Earn 5 XP


Chunking

Now, let's explore Chunking strategies within the RAG pipeline and methods to optimize them. So, what exactly is Chunking?

Imagine providing a PDF book to someone to summarize its key concepts. However, you discover that this person recalls mainly the concepts from the book's final chapters and not much from the earlier ones. This situation is common for all of us. Without revisiting concepts, it's challenging to remember them, especially if we consume a significant amount of information afterward. This memory timeframe is known as a context window or context length. Similarly, LLMs also have a context length, beyond which they struggle to retain information.

To address this challenge, we use text-splitting. This technique involves dividing the entire text corpus into smaller segments. These segments are sized to fit within the context window of the LLM we intend to use. In short, the length of the segments is reduced to be smaller than the context length of the LLM.

Screenshot 2024-06-26 at 1.44.47 PM.png
But how should we chunk a large text?

Consider the paragraph below:

“Nature is like a big playground! where animals, birds, and insects live and play together. Imagine a beautiful forest with tall trees where birds sing songs all day. There are animals like - squirrels who jump from tree to tree, and rabbits who hop around in the grass.”
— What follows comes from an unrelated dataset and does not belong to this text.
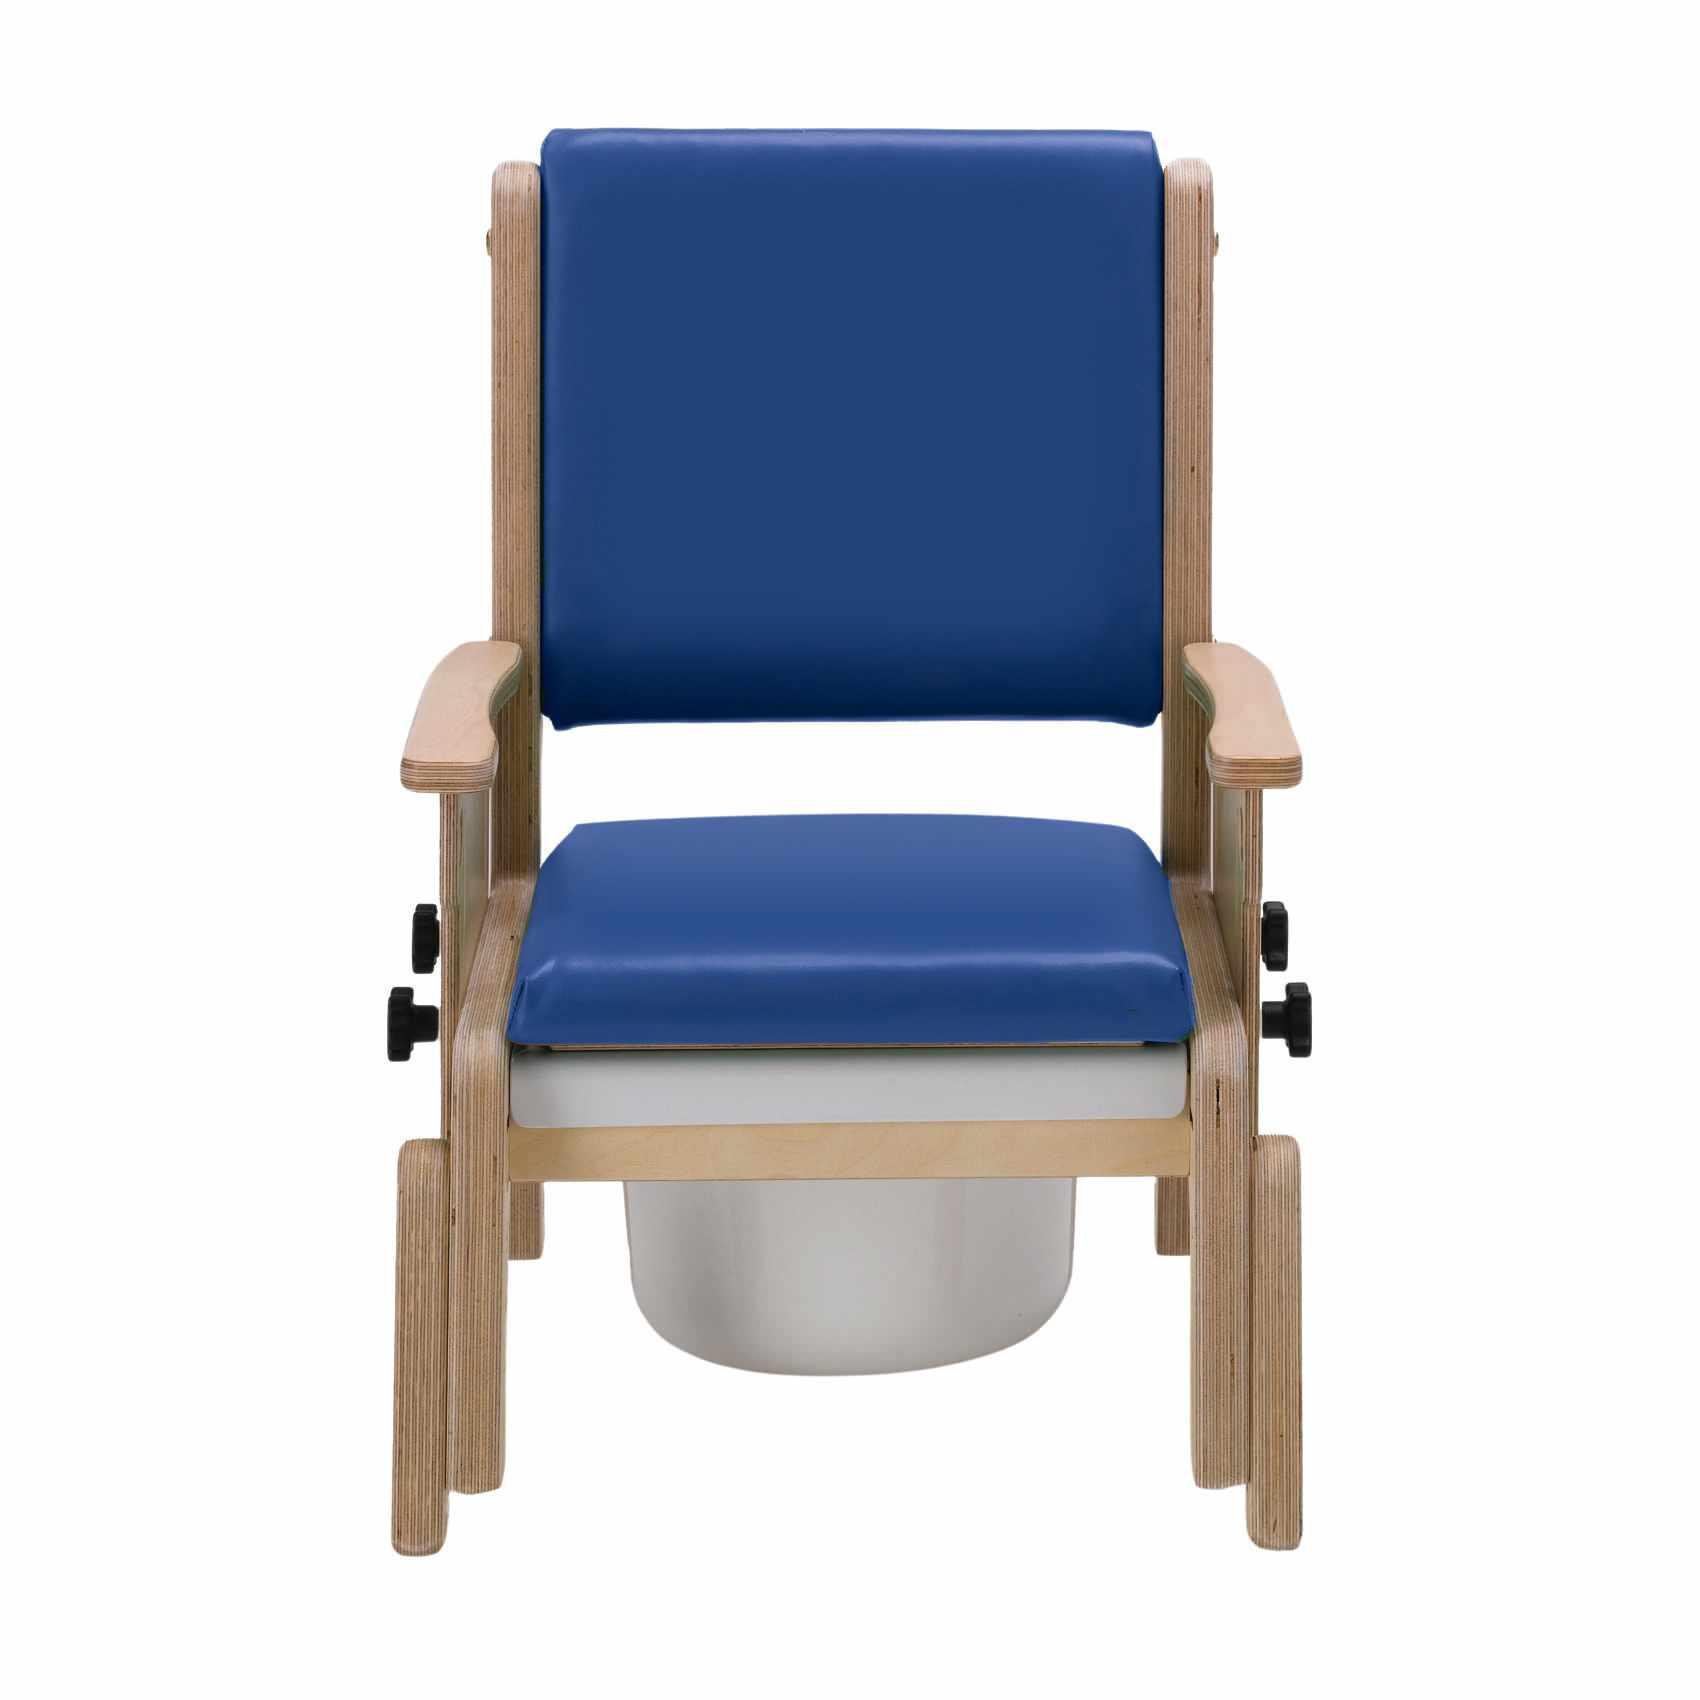 Smirthwaite Combi Toilet Chair

Consider splitting the text at regular intervals of each character. This approach involves breaking the text into chunks once a certain threshold is reached, and continuing this process. By following this strategy, the chunked text will appear as follows:

“Nature is like a big
playground! where a
nimals, birds, and i
nsects live and play
together. Imagine a
beautiful forest wi
th tall trees where
birds sing songs all
day. There are anim
als like - squirrels
who jump from tree
to tree, and rabbits who hop around in t he grass.”
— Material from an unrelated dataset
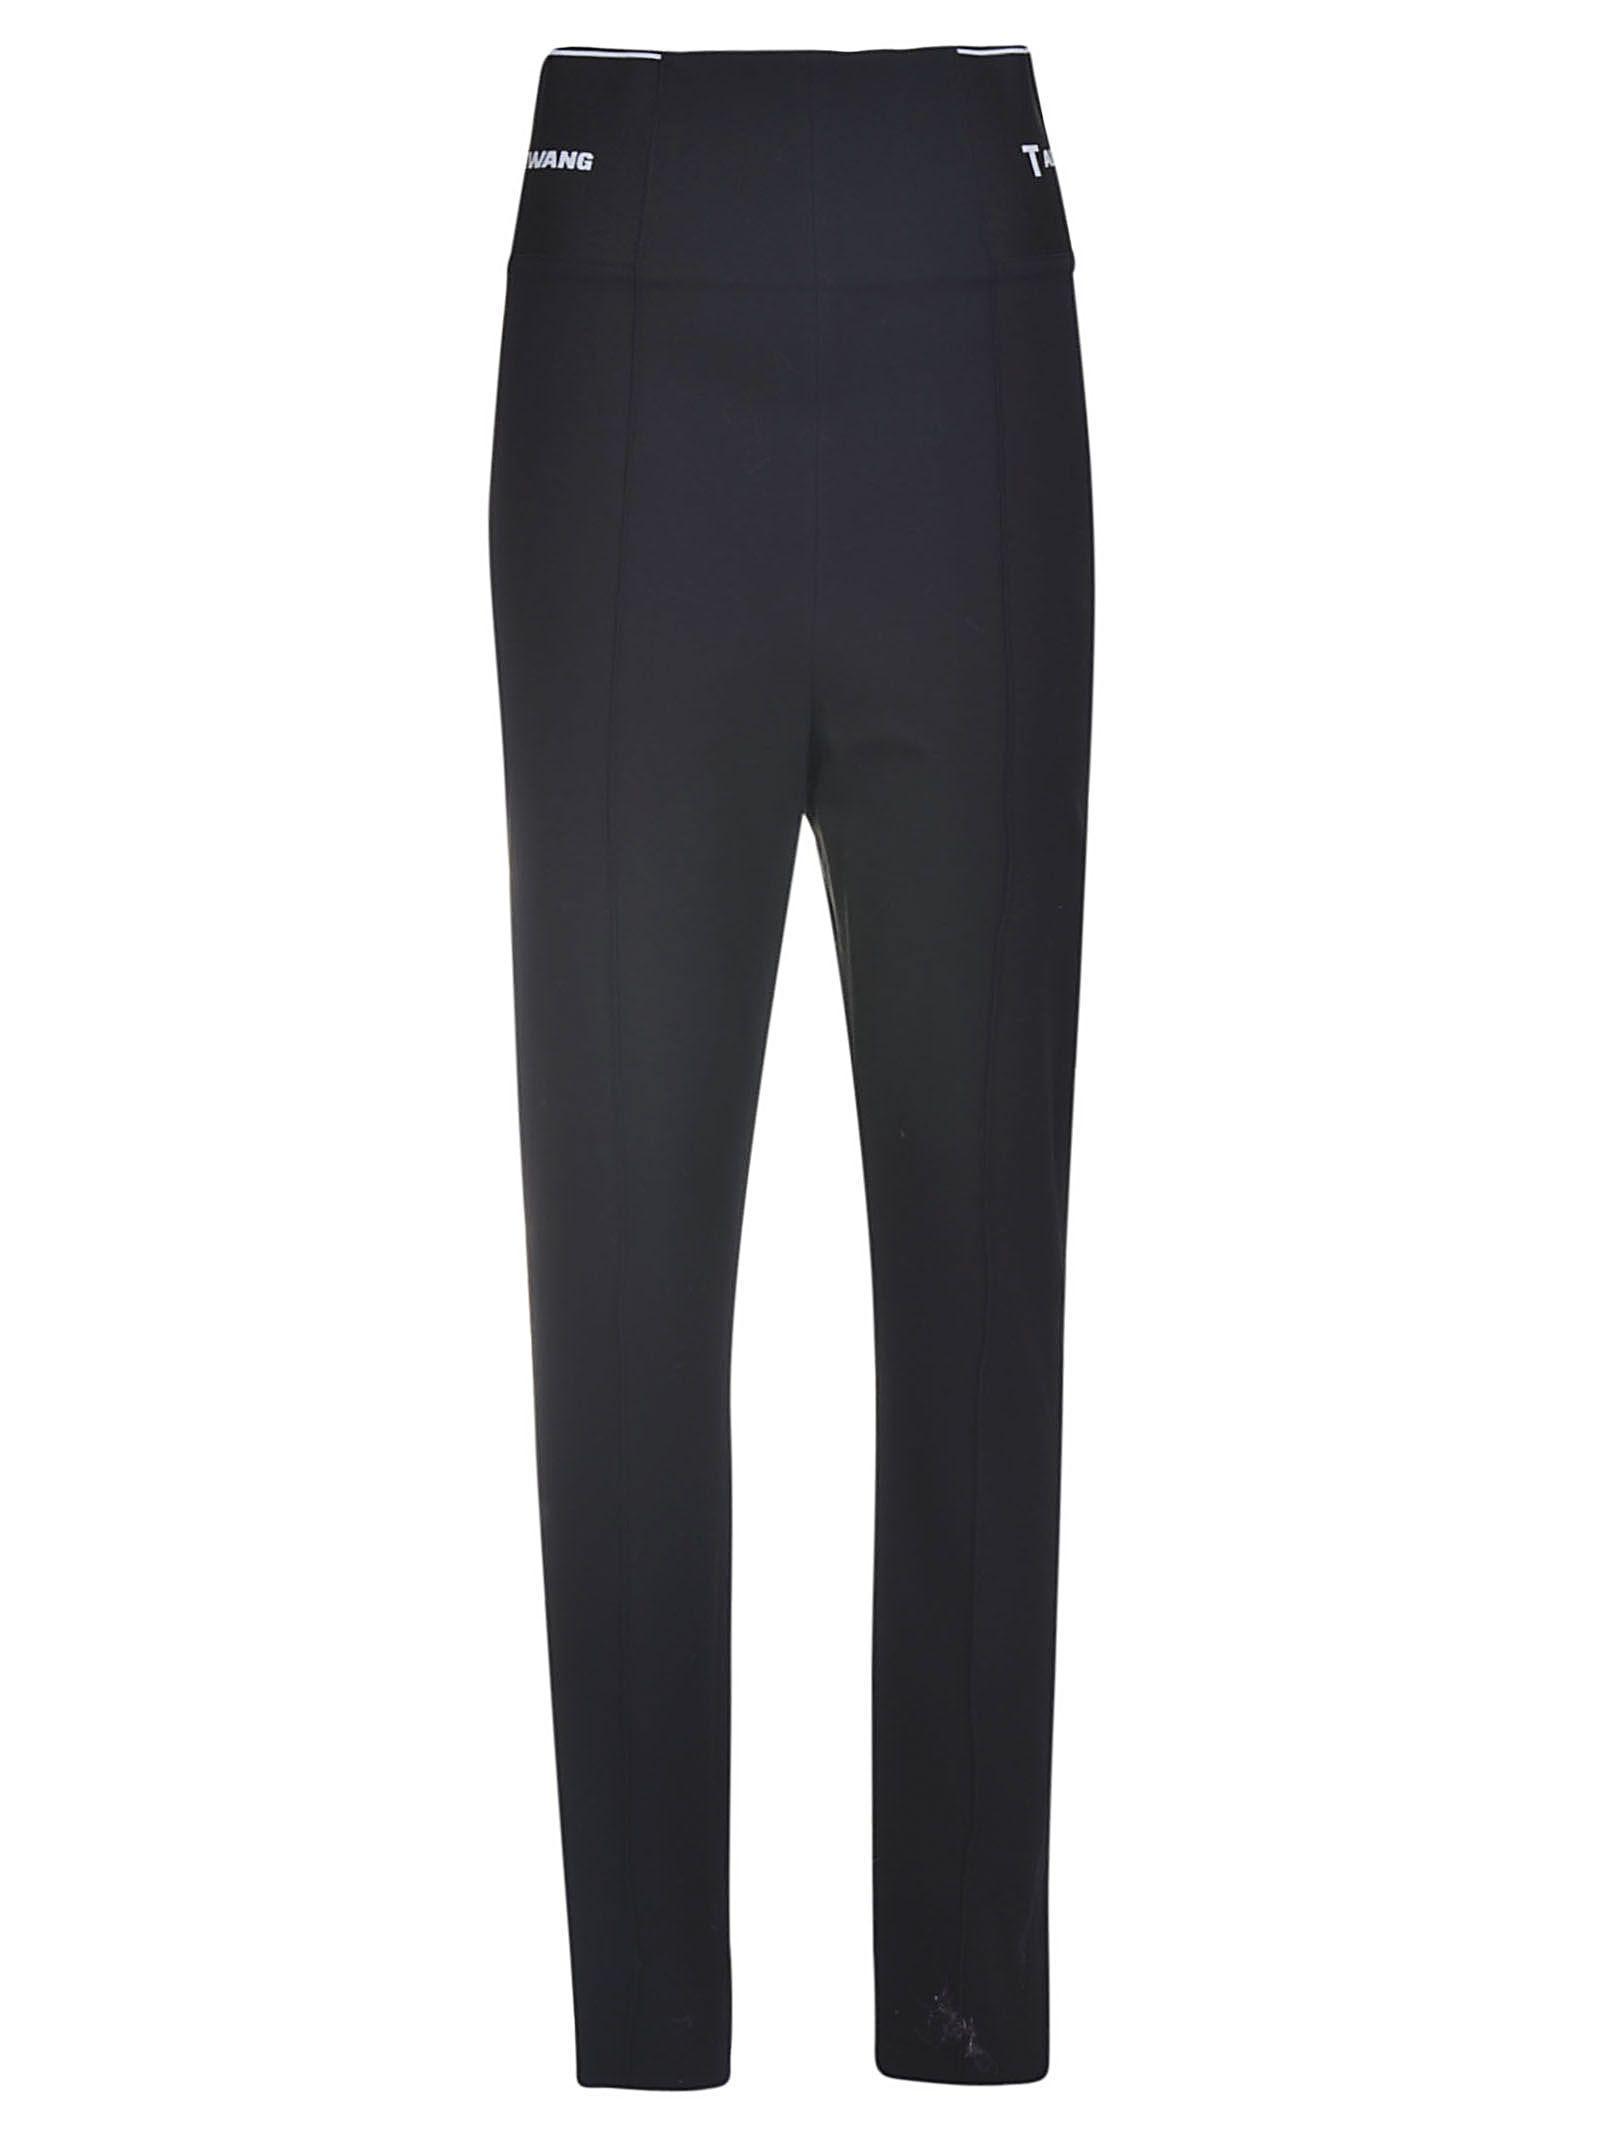 23427f912a3b1 Alexander Wang Logo Elastic Leggings In Black 001 | ModeSens

Here, every line is a chunk. It's obvious that each chunk fails to capture the complete context after abruptly ending the chunk every time, which could lead to confusion for the LLM during the retrieval process. Consequently, our LLM might generate irrelevant results.
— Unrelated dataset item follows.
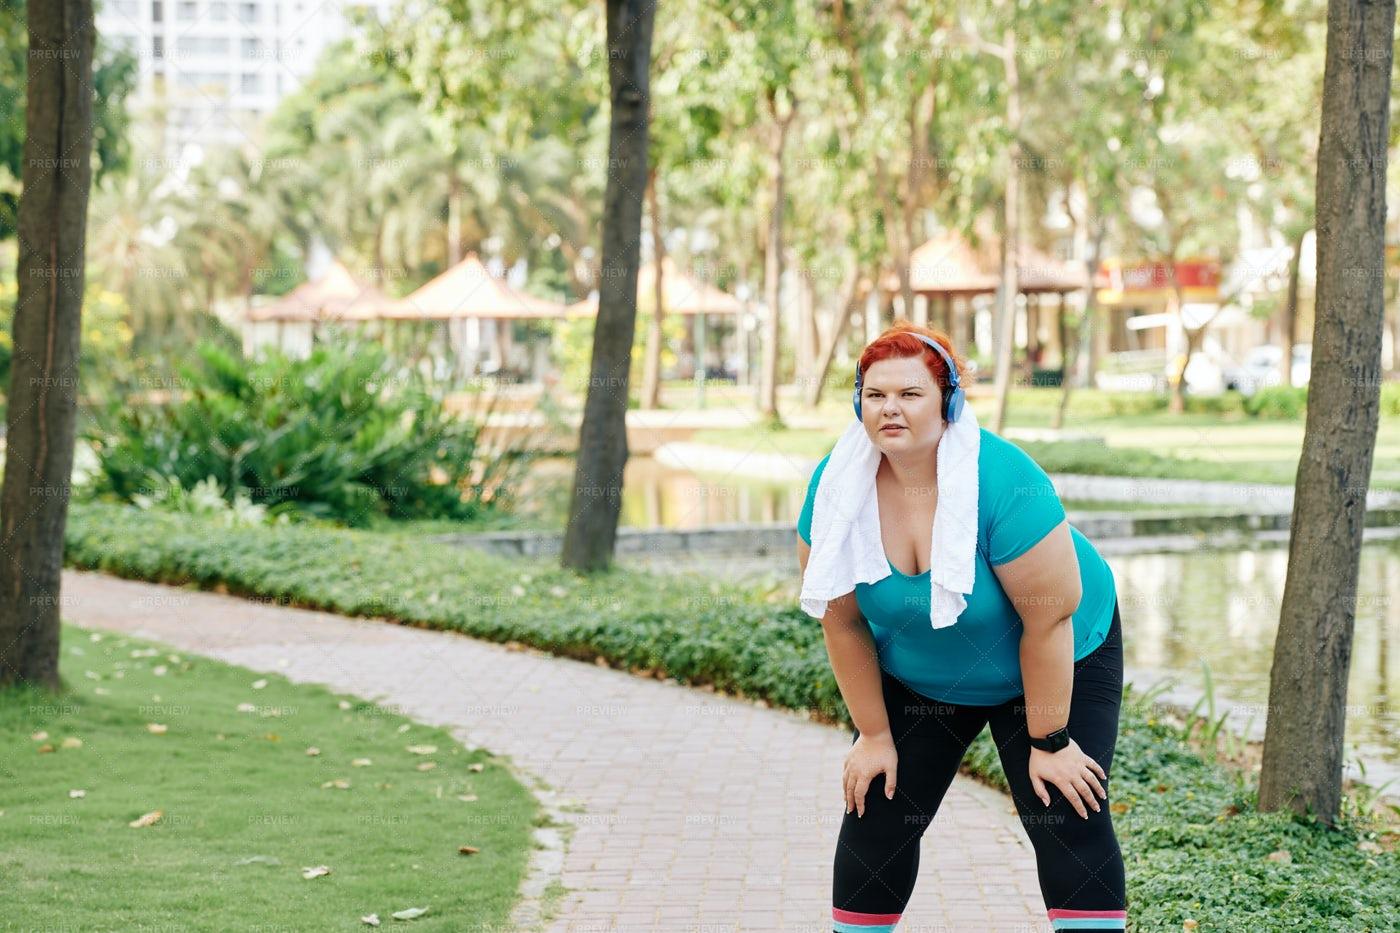 Having A Break After Jogging: Stock Photos

Now, let's consider chunking the text based on punctuation marks. Whenever a punctuation mark such as ',', '.', '-', etc. appears, the text is split accordingly. Applying this method yields the following chunked text:

“Nature is like a big playground!
where animals,
birds,
and insects live and play together.
Imagine a beautiful forest with tall trees
where birds sing songs all day.
There are animals like -
squirrels who jump from tree to tree,
and rabbits who hop around in the grass.”


As you can see, even with this method, individual chunks like "bird" and "where animals" lack contextual meaning, potentially leading to irrelevant outcomes when processed by the LLM.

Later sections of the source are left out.